This is why the CDC, as late as May, was citing the 10 randomized controlled trials that showed “no significant reduction in influenza transmission with the use of face masks.” The Centre for Evidence-Based Medicine at Oxford also summarized six international studies which “showed that masks alone have no significant effect in interrupting the spread of ILI or influenza in the general population, nor in healthcare workers.”

When Dr. Fauci spoke so assertively against universal mask-wearing early on in the epidemic, it was clearly based on this knowledge. “There’s no reason to be walking around with a mask,” infectious disease expert Dr. Anthony Fauci told “60 Minutes” on March 8. He went on to explain that masks can only block large droplets, they give a false sense of security, and they cause people to get more germs on their hands by fiddling with it. Those facts don’t change with time.

Several weeks later, Surgeon General Jerome Adams punctuated this point about the counterproductivity of wearing masks in public. Appearing on “Fox & Friends” on March 31, Adams said that based on a study that shows medical students who wear masks touch their faces 23 times more often, one has to assume that “wearing a mask improperly can actually increase your risk of getting disease.”

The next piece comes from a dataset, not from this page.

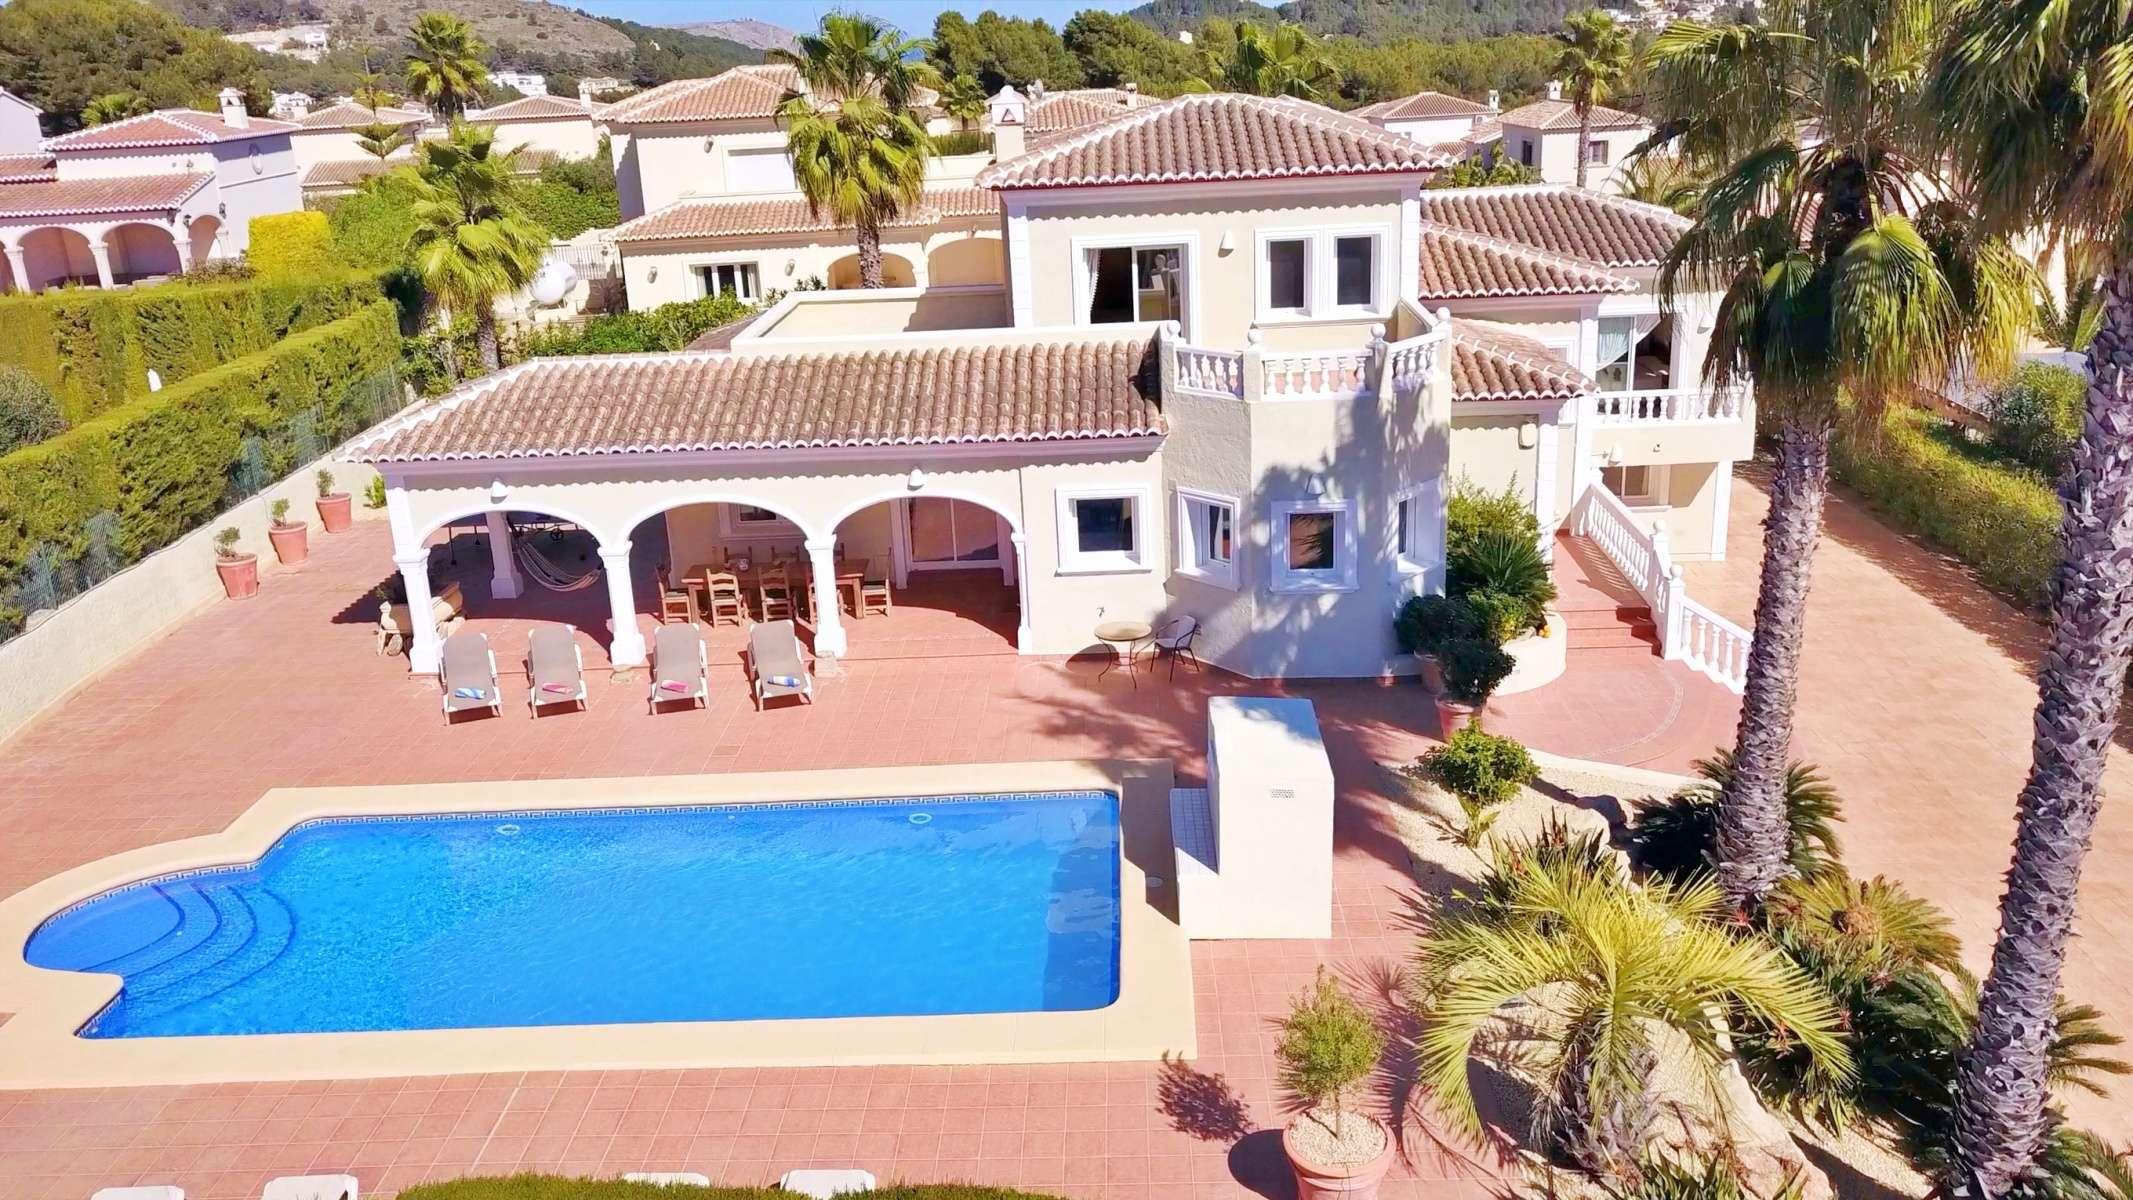 Villa in Javea Las Laderas

Ever since then, we have all seen how people leave masks in their pockets or cars for days and continuously put it on and off as needed without washing their hands. It’s inconceivable that this is not serving as a bacteria trap, if not downright helping spread the virus on our hands.

2015 randomized clinical trial from the University of South Wales testing the effectiveness of cloth masks among health care workers in Hanoi found that the poor filtration becomes a conduit for moisture retention. Researchers found a high rate of infection among those workers presumably because “their reuse and poor filtration may explain the increased risk of infection.” Can you imagine how much worse this is in a non-health-care setting where reuse and cross-contamination are rampant?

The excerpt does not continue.